By revenue, Genius Sports is a little less than half the size of Sportradar but has some important partnerships that could cement its position in the nascent sports data duopoly. In June, Genius Sports extended a deal with the National Football League (NFL) that makes it the league's exclusive distributor of real-time statistics and betting data.

A multiyear deal with the NFL will help Genius continue growing by leaps and bounds. This year, management expects sales to grow by 21%, and the company's bottom line is rising even faster than its top line.

The company's first-quarter gross profit margin more than doubled year over year to reach 24.4%. As a result, this year's adjusted earnings before interest, taxes, depreciation, and amortization (EBITDA) are expected to reach $125 million. That would be a 46% leap year over year.

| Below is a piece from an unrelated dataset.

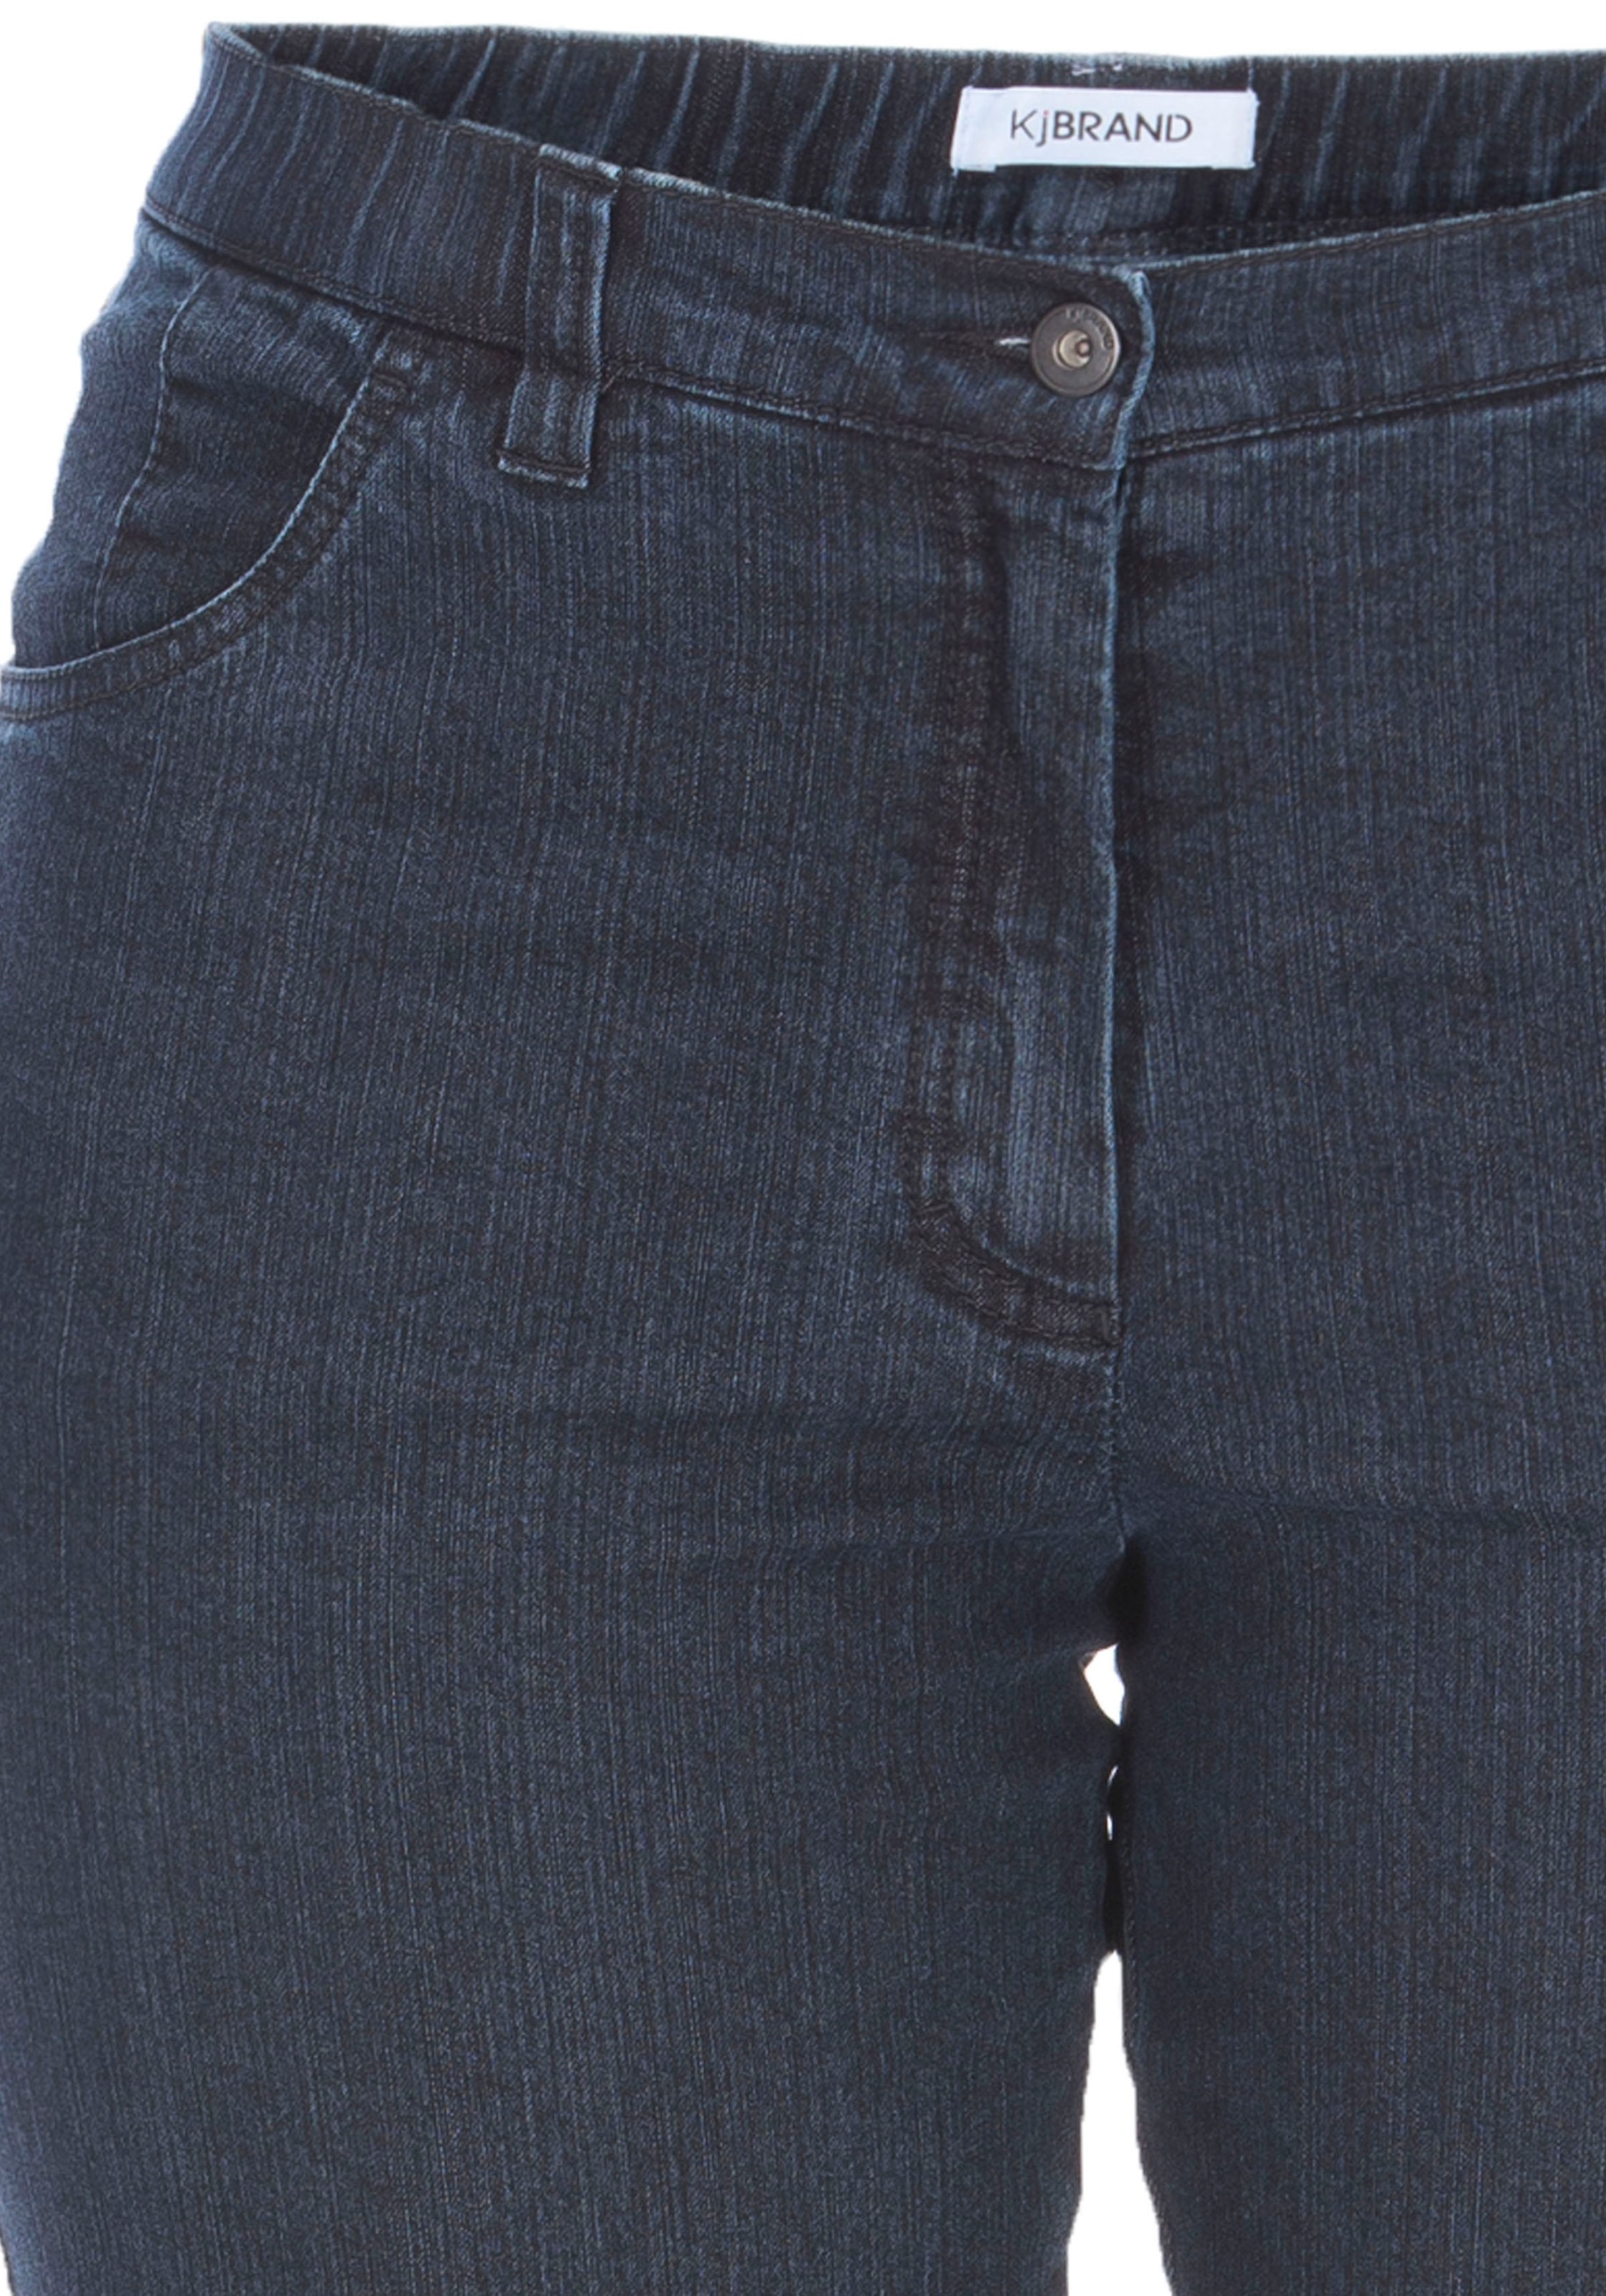 Shop Online Stretch-Jeans im Denim OTTO KjBRAND Stretch« »Betty
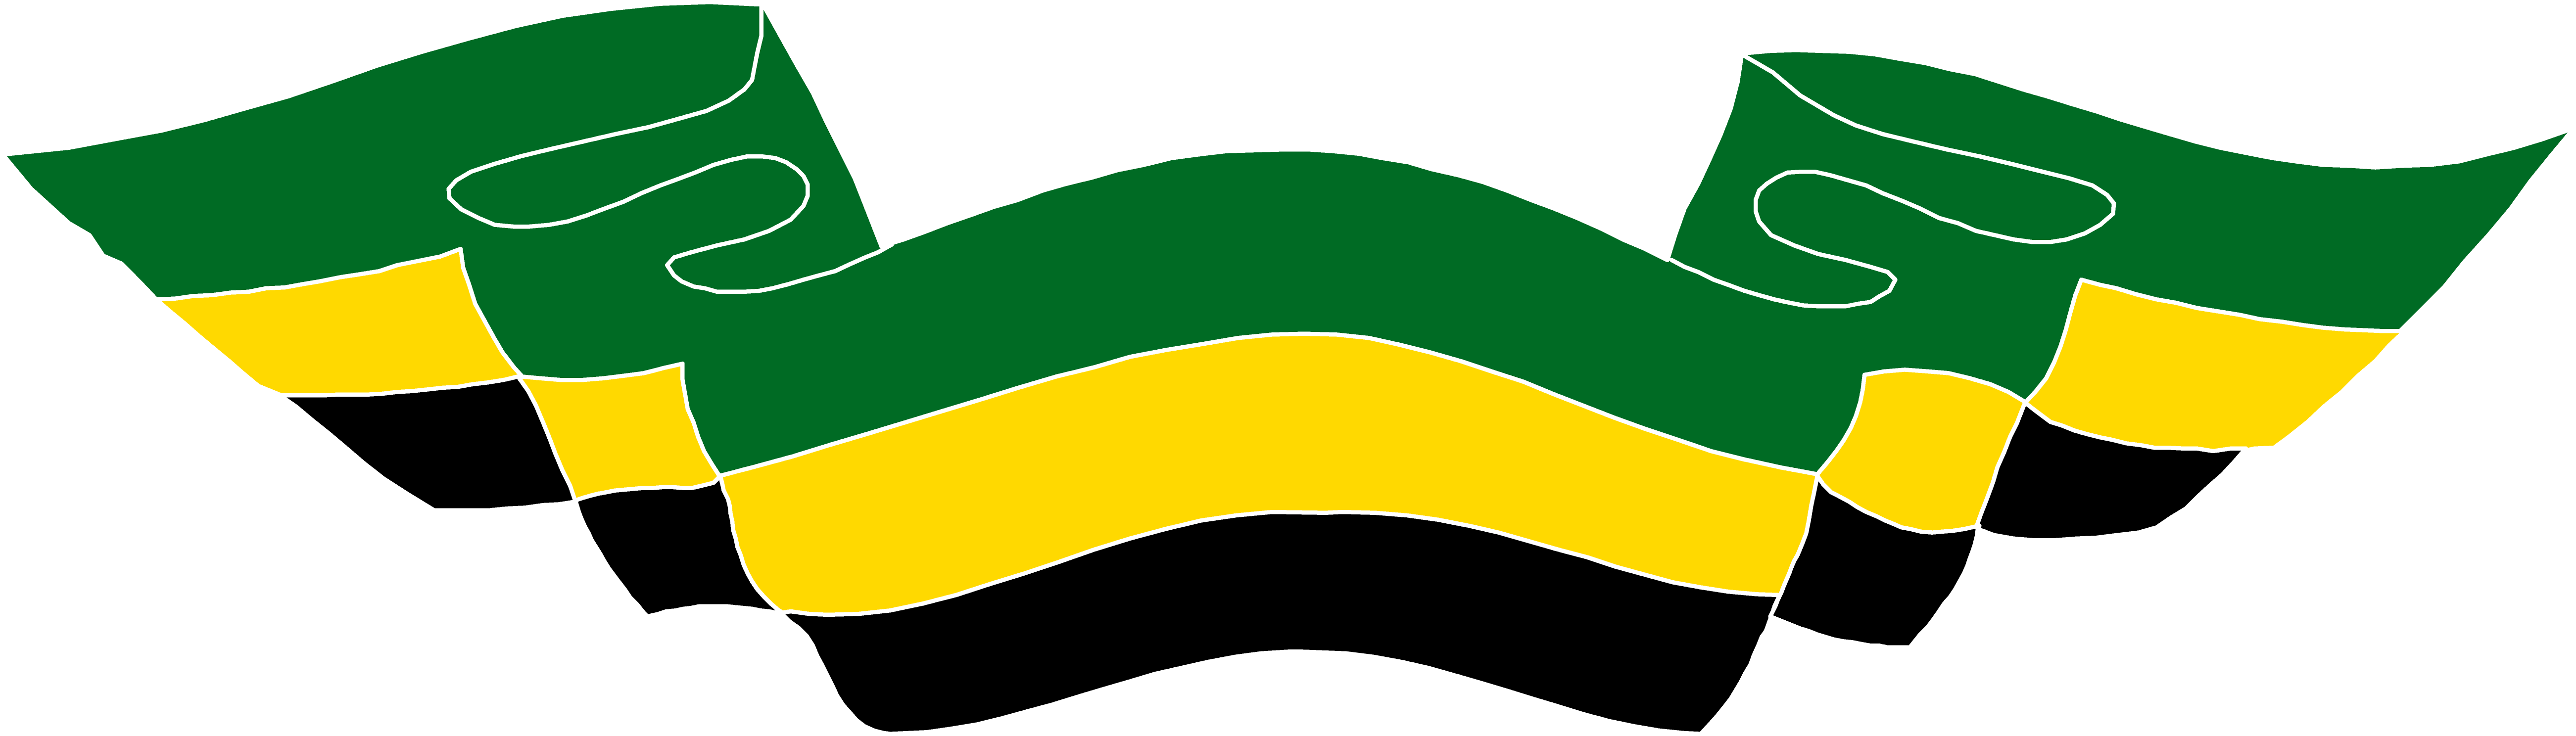 Jamaica Flag PNG Transparent Image

It looks like Genius Sports has a bright future ahead, but the stock is somewhat risky. It's been trading for about 52 times forward-looking earnings expectations. If the company shows any signs of a slowdown over the next few years, investors who buy at this high valuation could suffer heavy losses.

As a member of the emerging sports data duopoly, there's a good chance Genius Sports will grow into its lofty valuation. That said, this stock is only appropriate for investors who can tolerate a lot of risk.